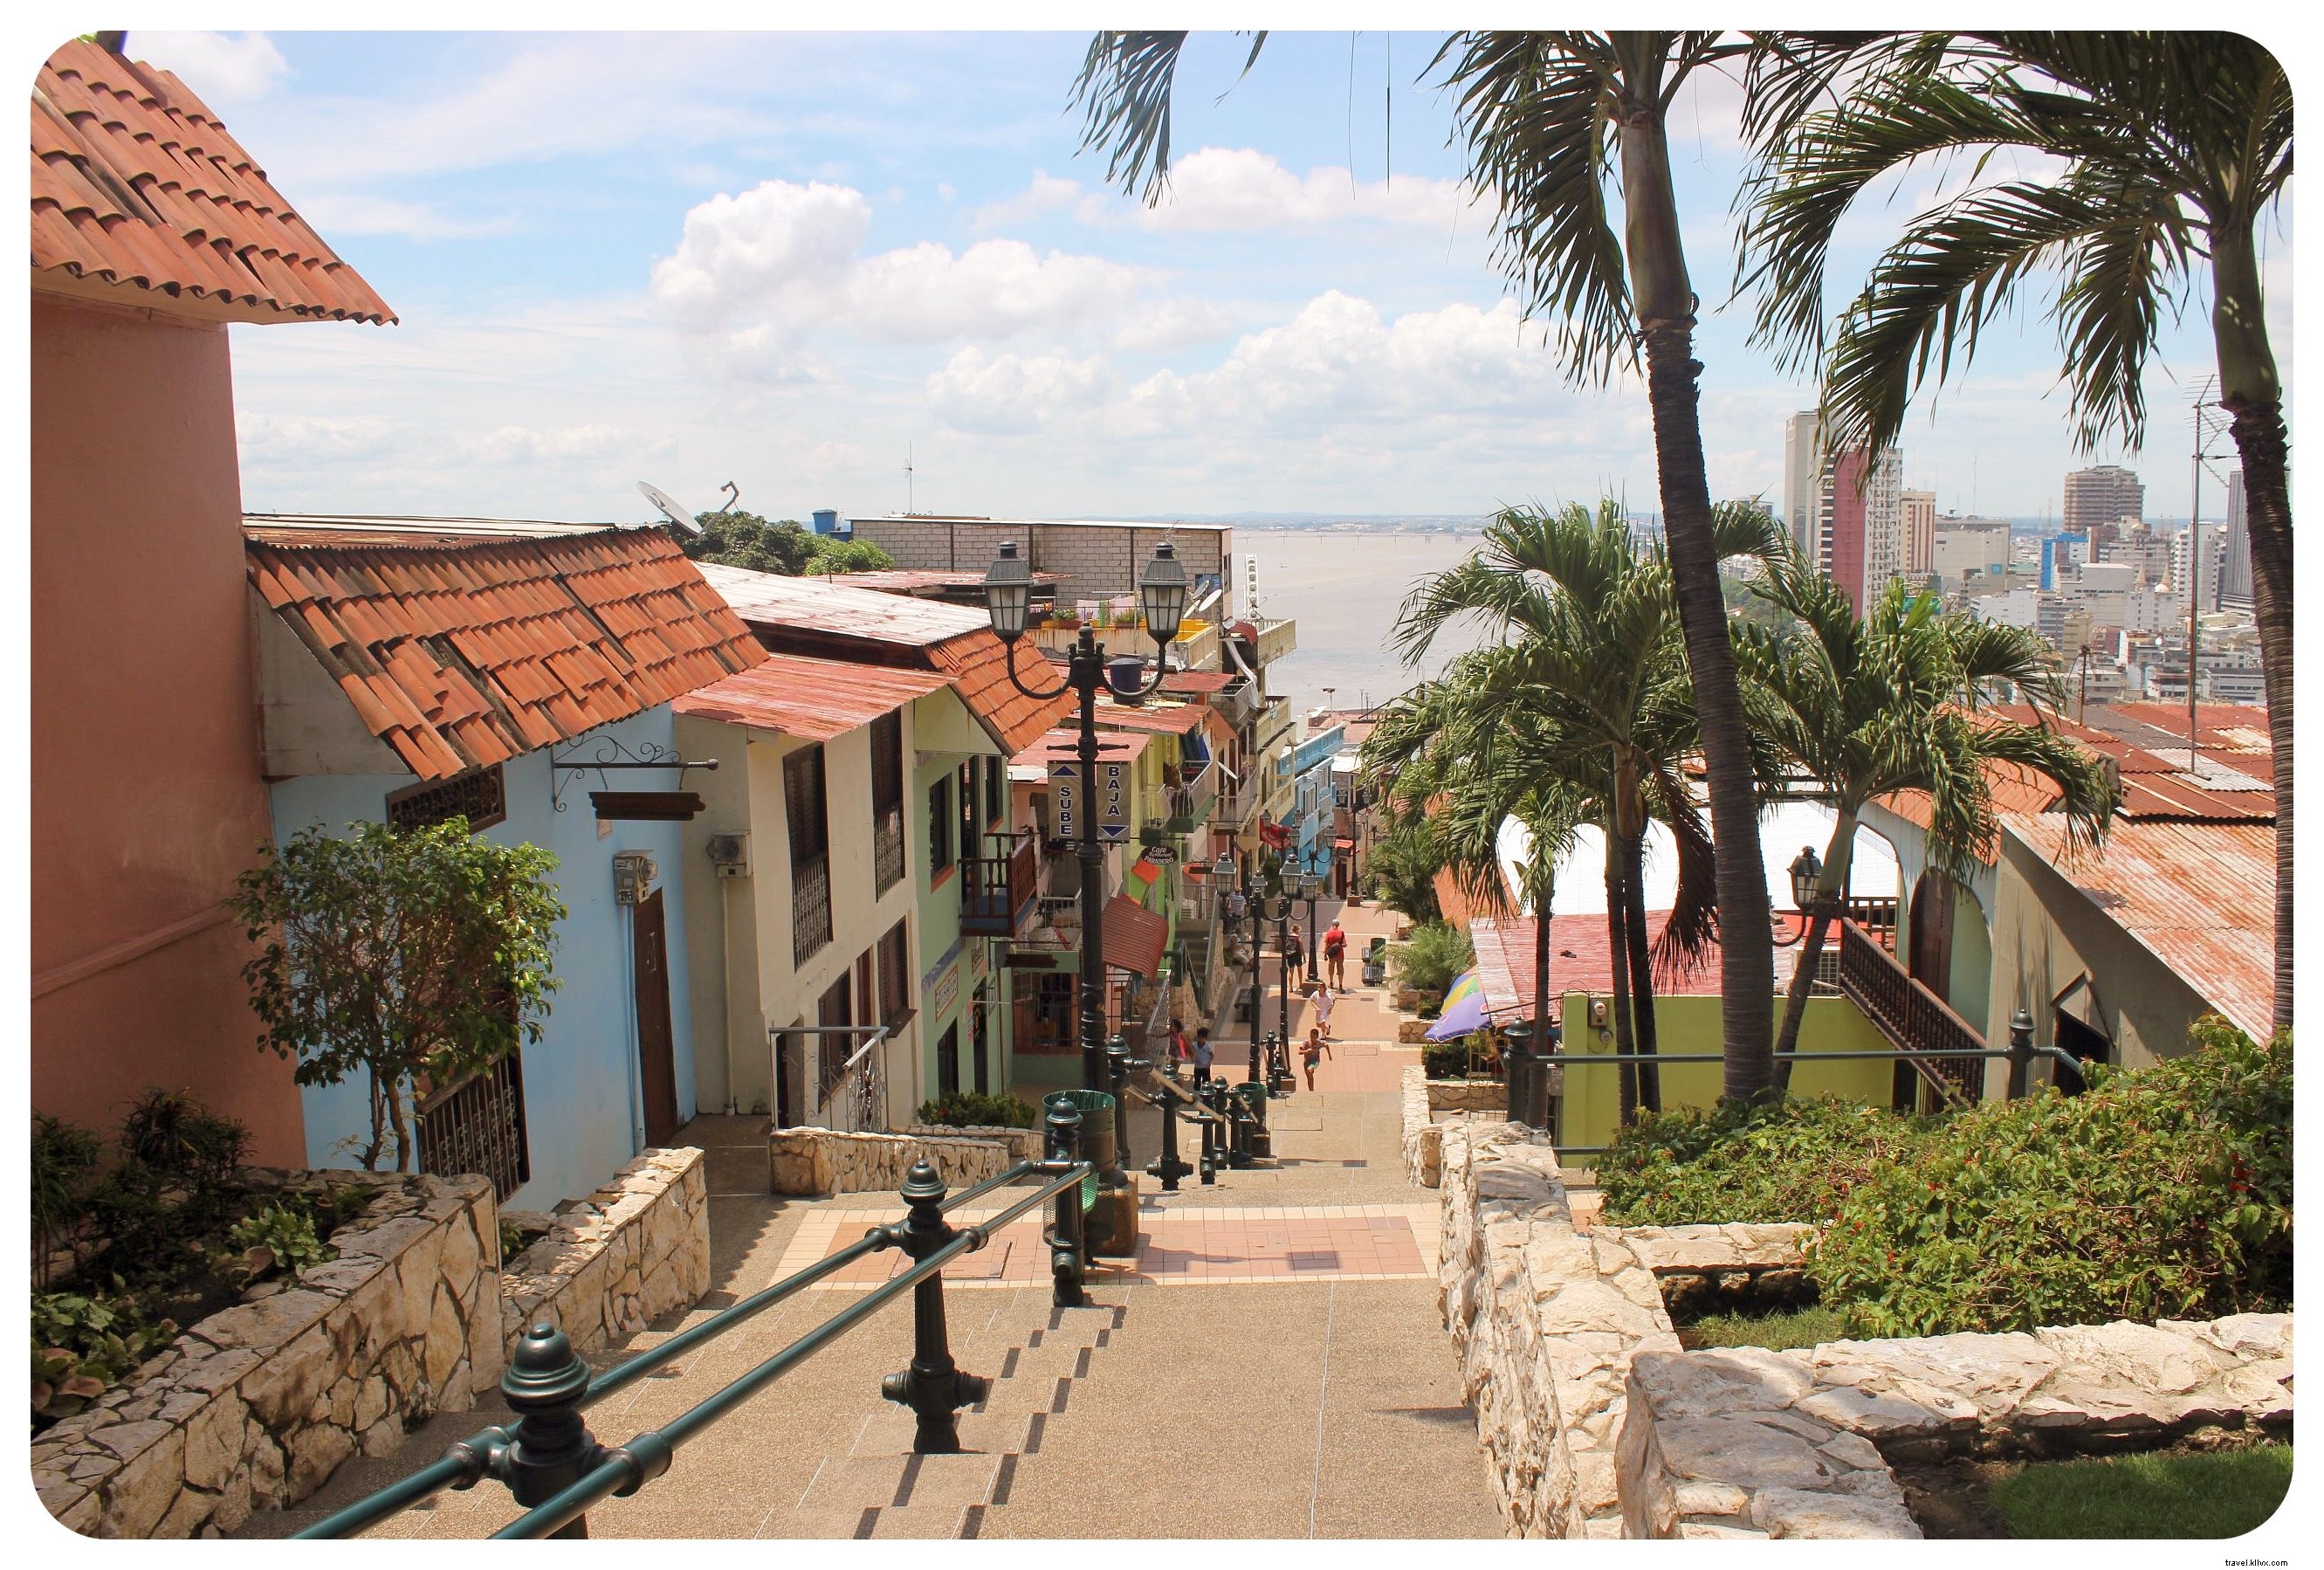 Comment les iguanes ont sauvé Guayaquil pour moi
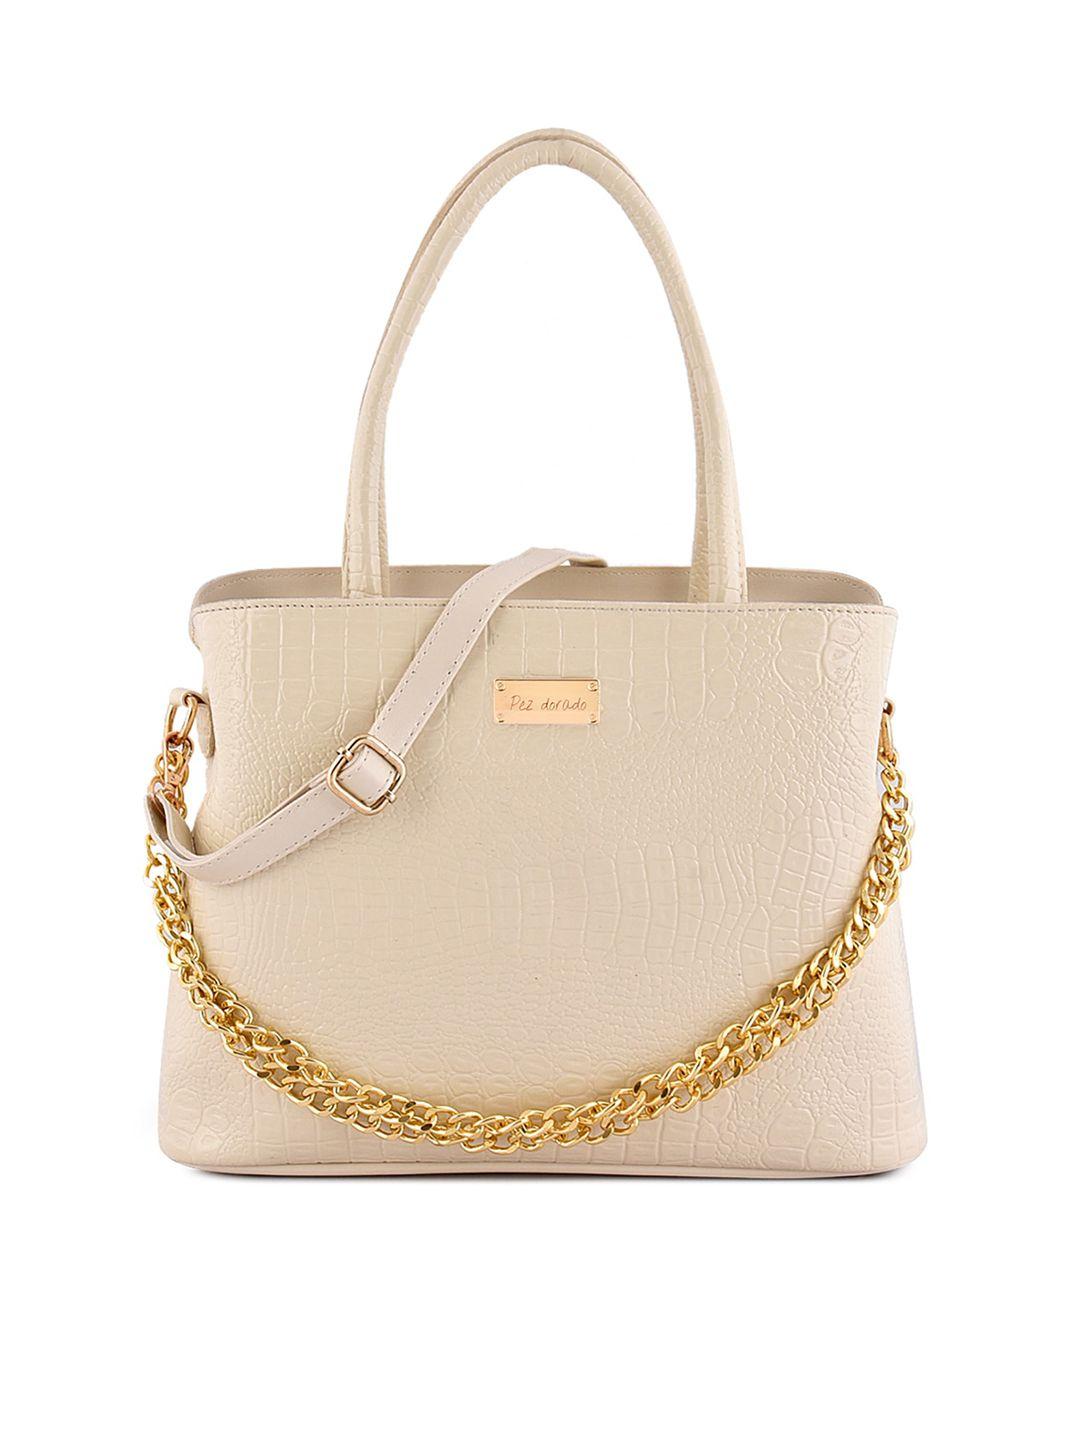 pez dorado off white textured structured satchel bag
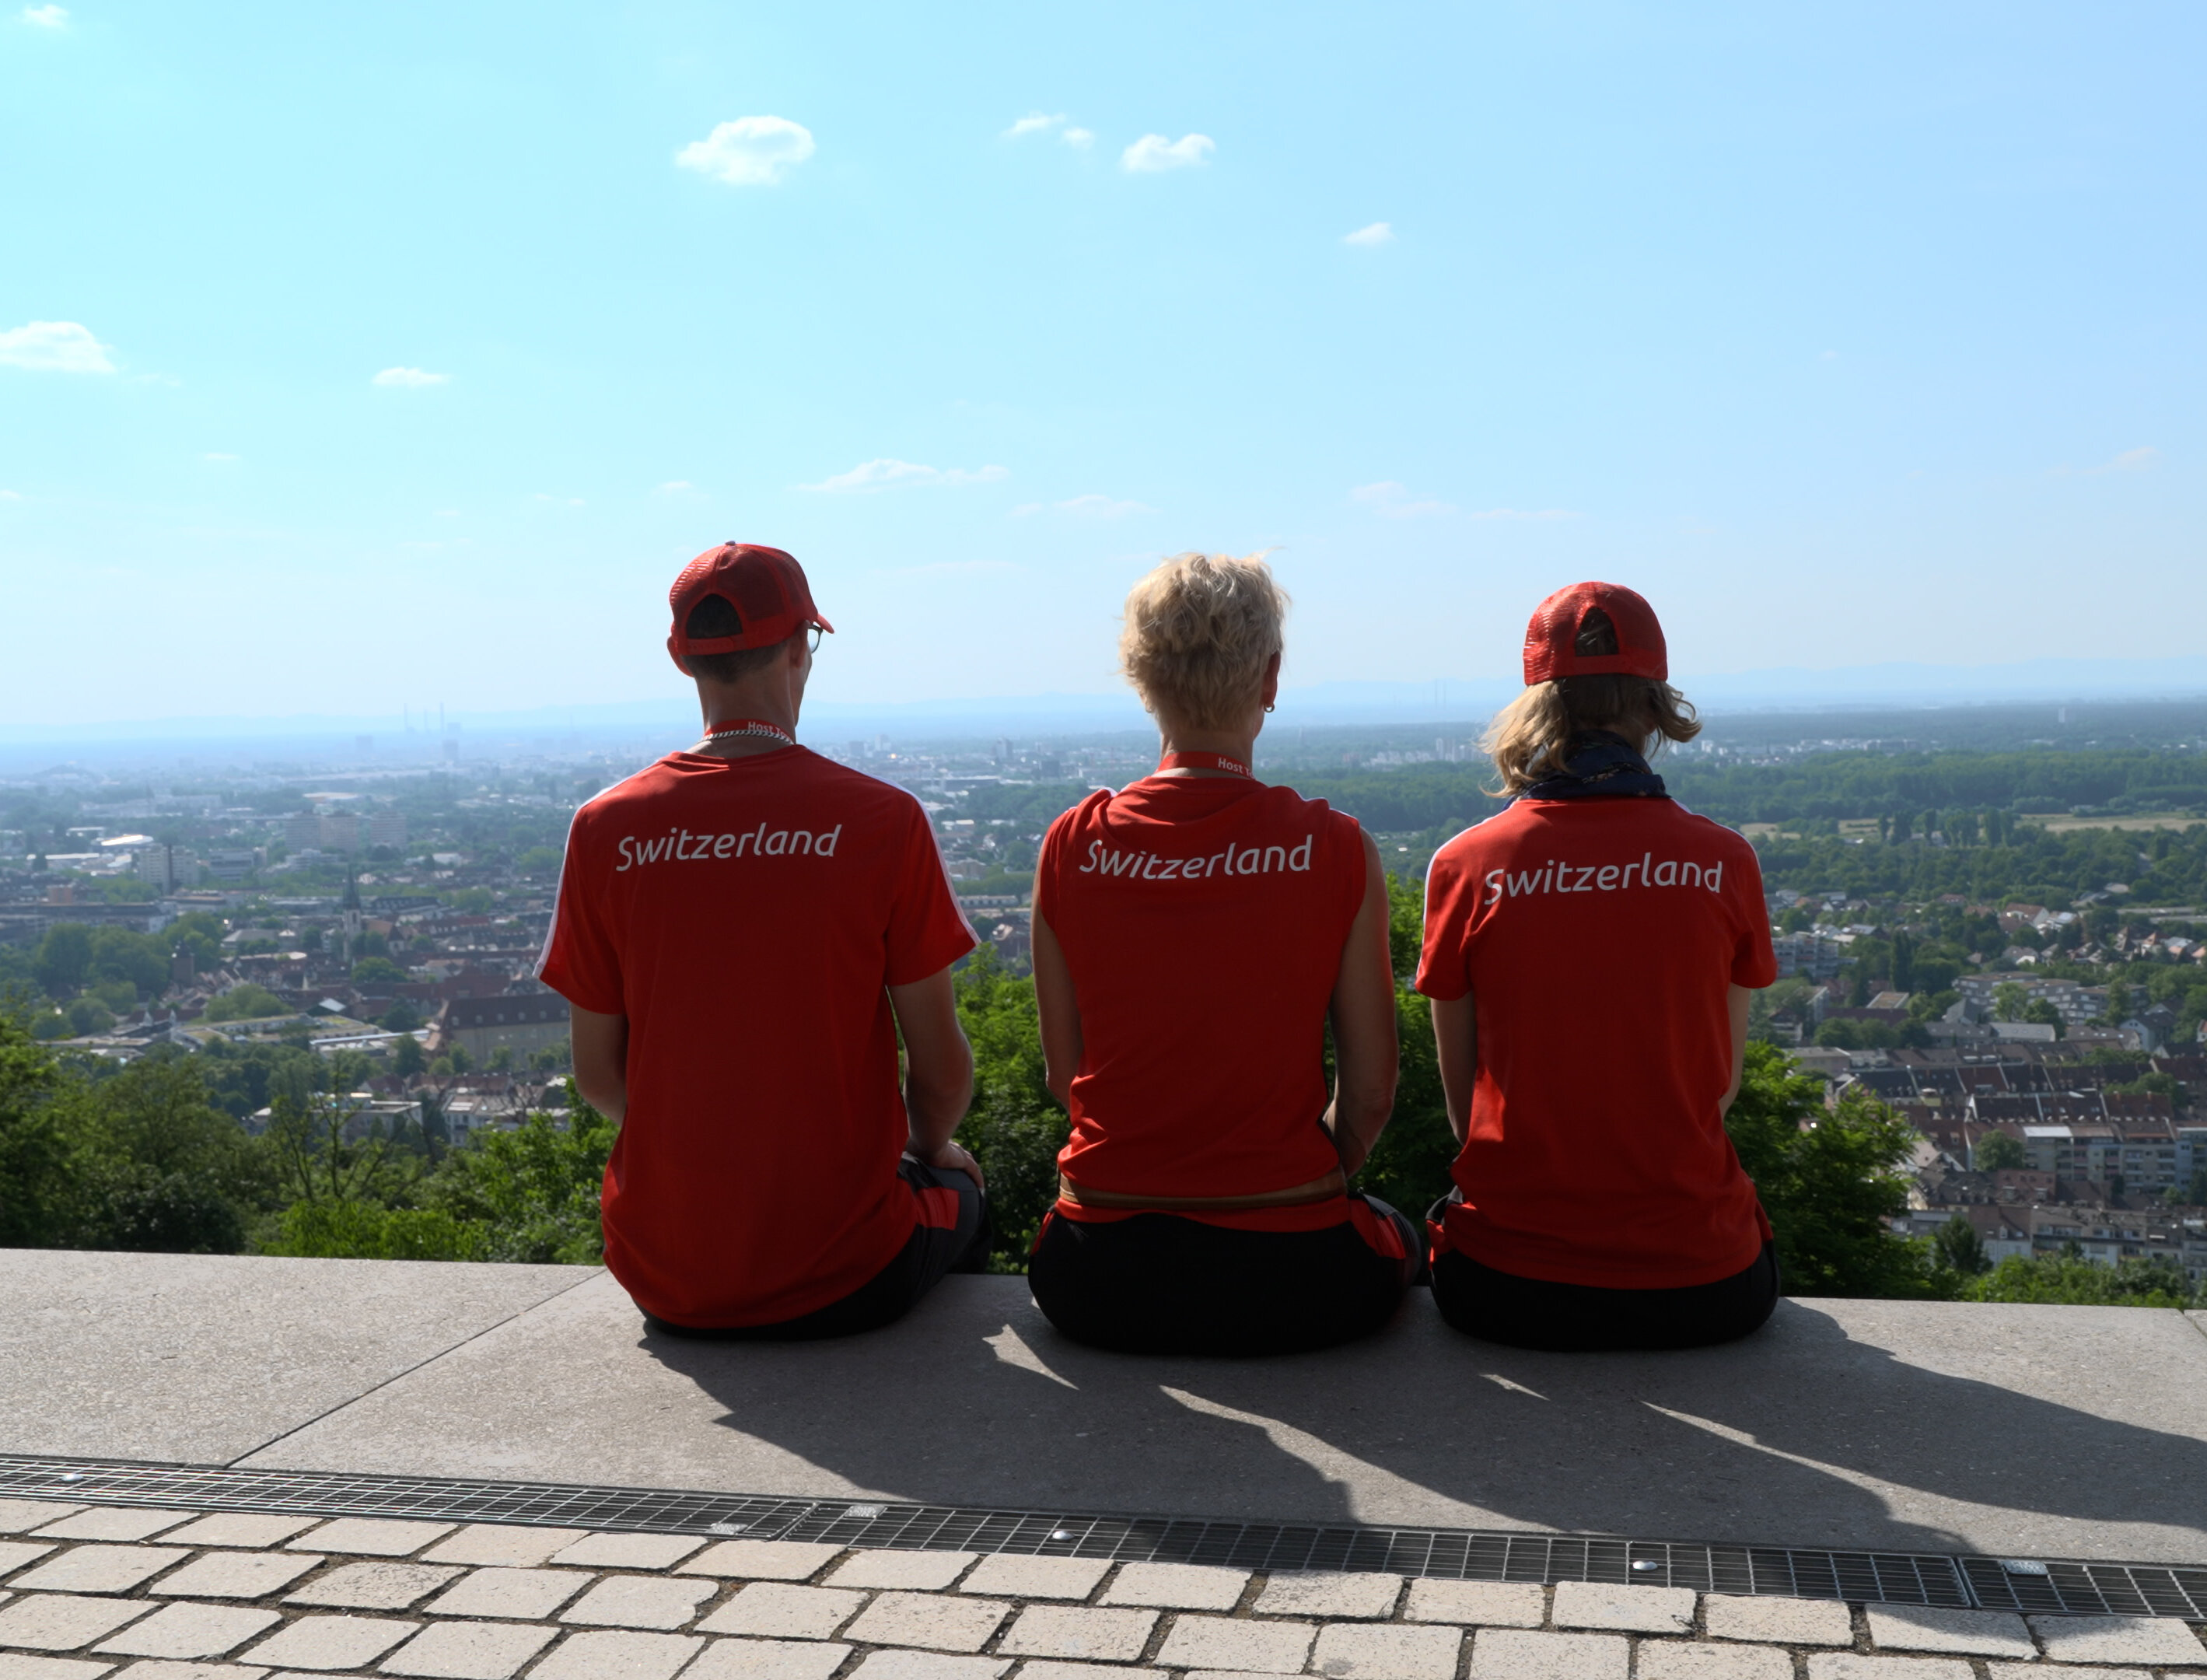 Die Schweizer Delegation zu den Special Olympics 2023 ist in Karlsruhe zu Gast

**Problem description**
Every line of the material must be returned exactly; leave the images out.

**Written response**
 Comment les iguanes ont sauvé Guayaquil pour moi
 pez dorado off white textured structured satchel bag
 Die Schweizer Delegation zu den Special Olympics 2023 ist in Karlsruhe zu Gast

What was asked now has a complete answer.